TRAMADOL — An opioid agonist that also inhibits
reuptake of serotonin and norepinephrine, tramadol
(Ultram, and others) is approved by the FDA for
treatment of moderate to moderately severe chronic
pain in adults.13 In clinical trials in patients with
moderate to severe osteoarthritis knee pain, extendedrelease tramadol was modestly more effective than
placebo in reducing pain, but a substantial minority
of patients discontinued it because of adverse
effects that included nausea, vomiting, constipation,
dizziness, and somnolence. Seizures have occurred
with tramadol, and physical dependence has been
reported. It has recently been classified as a schedule
IV controlled substance by the DEA.
DIETARY SUPPLEMENTS — Glucosamine stimulates
cartilage cells in vitro to synthesize glycosaminoglycans
and proteoglycans. Given orally to animals, it has
a modest anti-inflammatory effect. Chondroitin
sulfate, a glycosaminoglycan sometimes combined
with glucosamine, has been reported in animals to
maintain viscosity in joints, stimulate cartilage repair
mechanisms, and inhibit enzymes that break down
cartilage.14 Neither glucosamine nor chondroitin sulfate
has been approved by the FDA for any indication, but
both are widely available as dietary supplements and
heavily promoted for treatment of "joint health".

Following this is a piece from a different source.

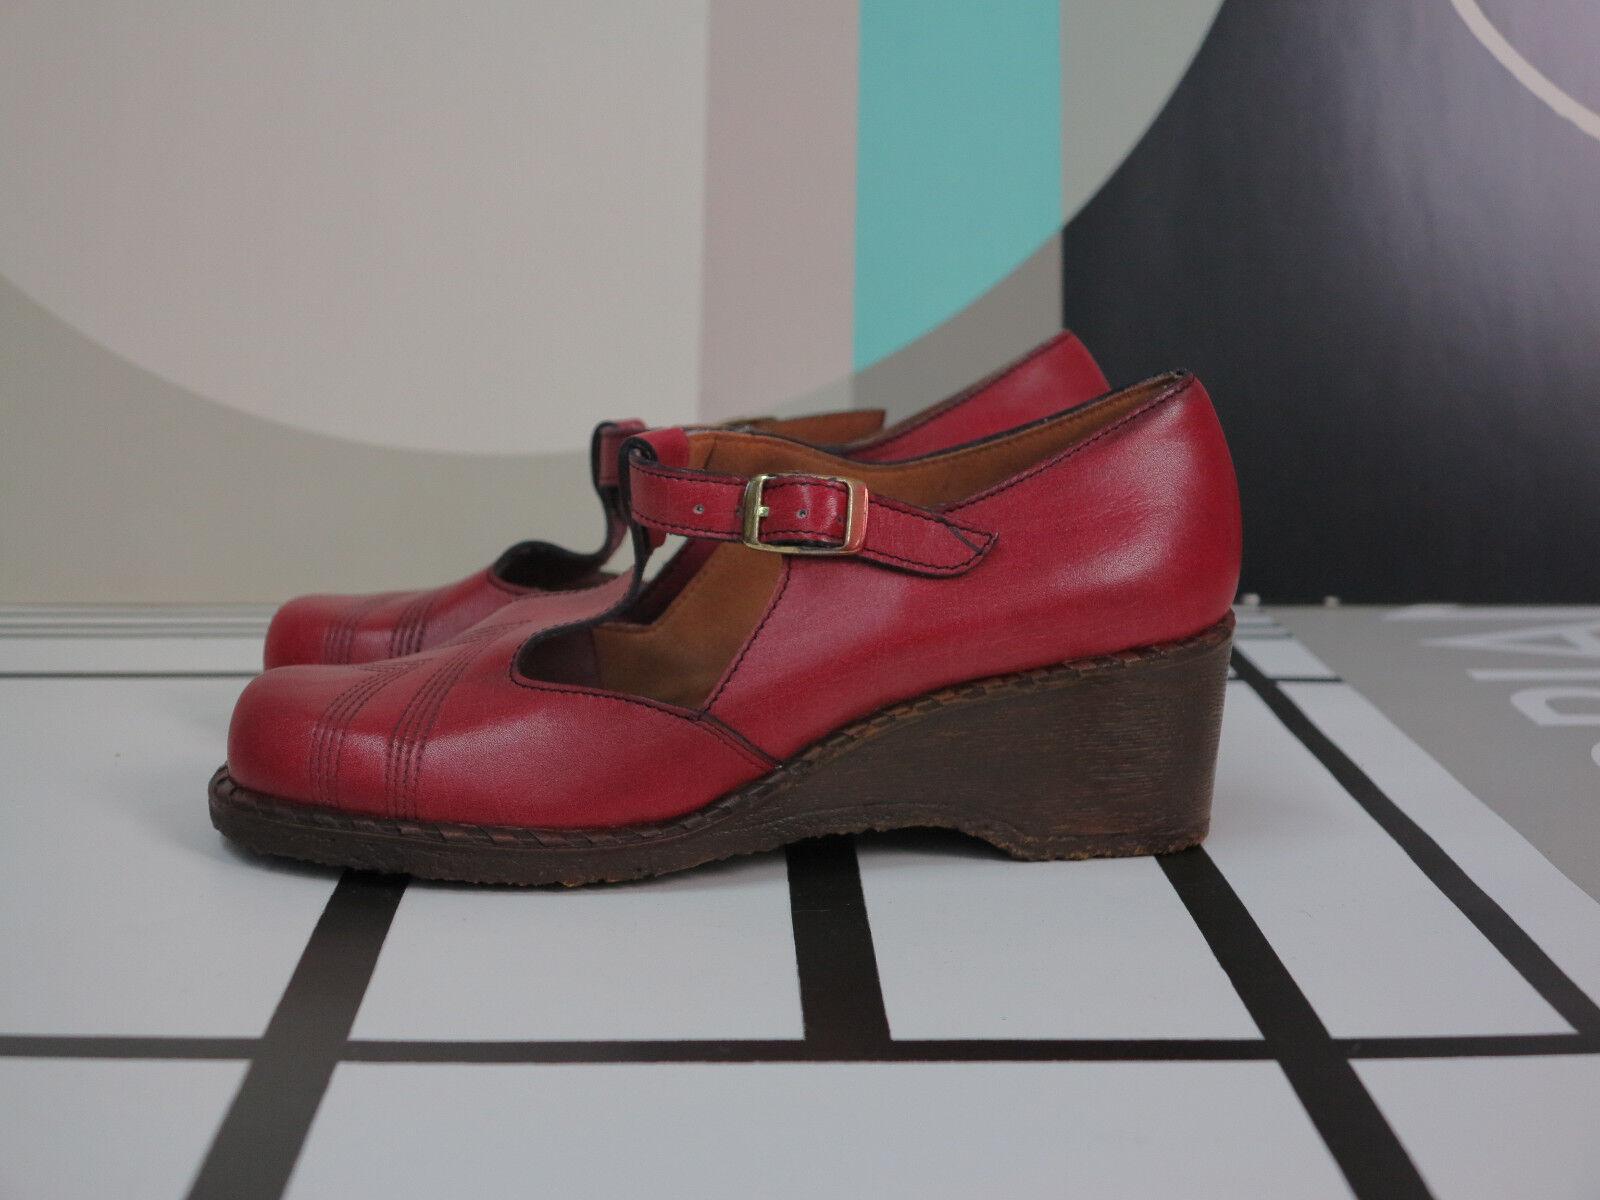 Mattil wedge damas plataforma zapatos zapato bajo 70er rojo truevintage 70s zapatos nos
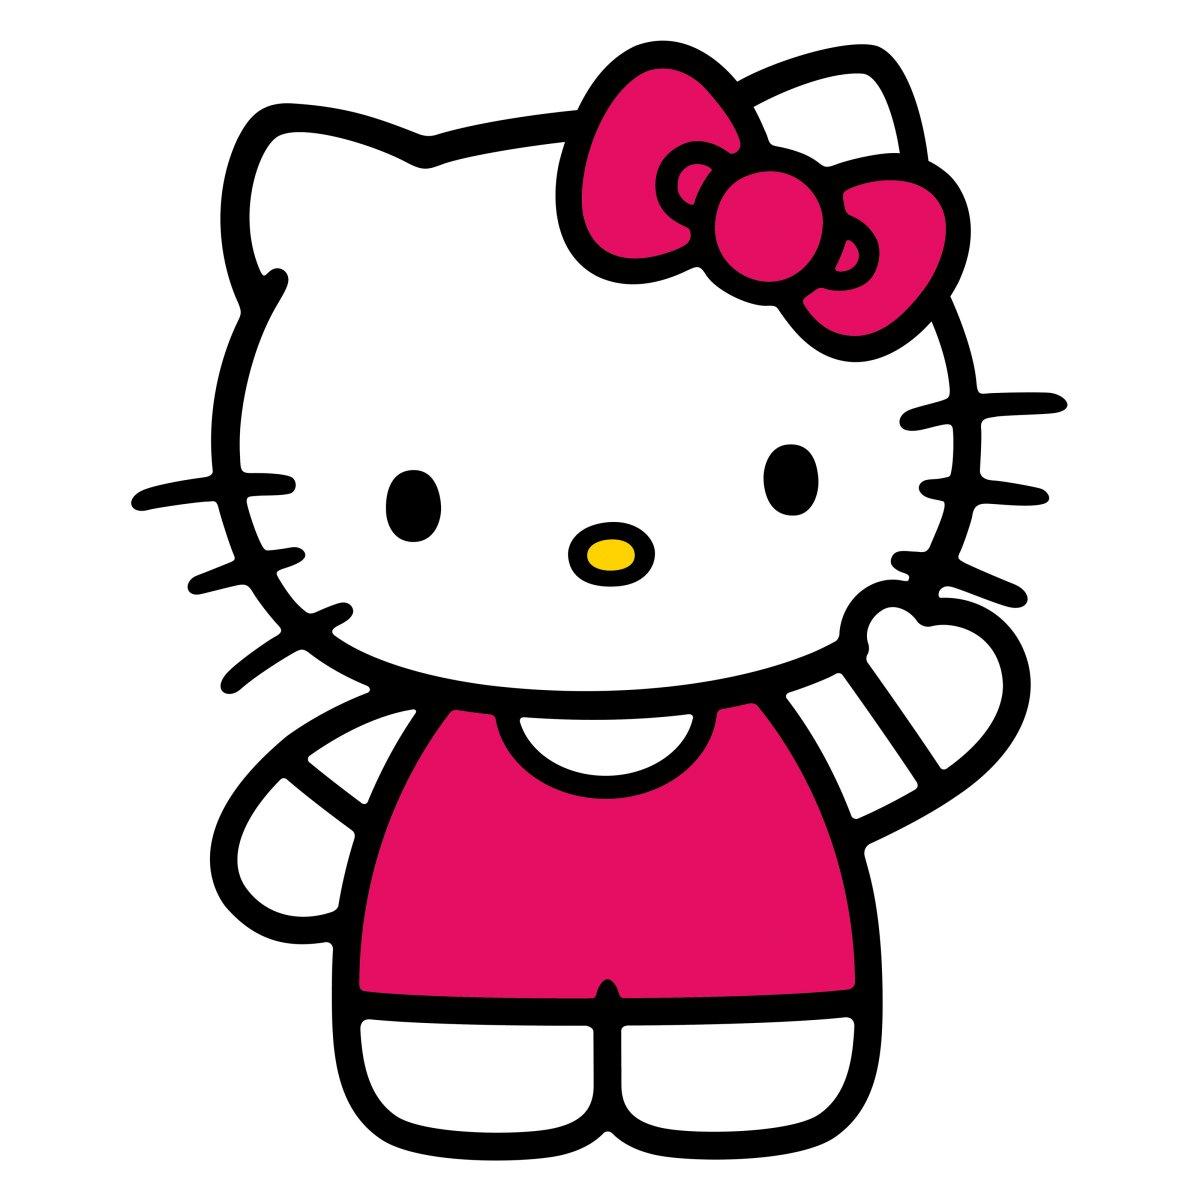 clipart hello kitty birthday - photo #13

Several randomized trials have reported beneficial
structural effects or moderate symptomatic efficacy
with glucosamine and/or chondroitin sulfate, but
the effectiveness of these agents remains to be
established.1-3 They appear to be safe, but as with

other dietary supplements, the potency and purity of
the ingredients may vary.
OPIOIDS — Long-term use of opioids to treat chronic
pain is problematic, but they can be used as a last
resort for treatment of intractable osteoarthritis pain.15
With continued use, patients become tolerant to both
the analgesic and adverse effects of opioids, except
for constipation.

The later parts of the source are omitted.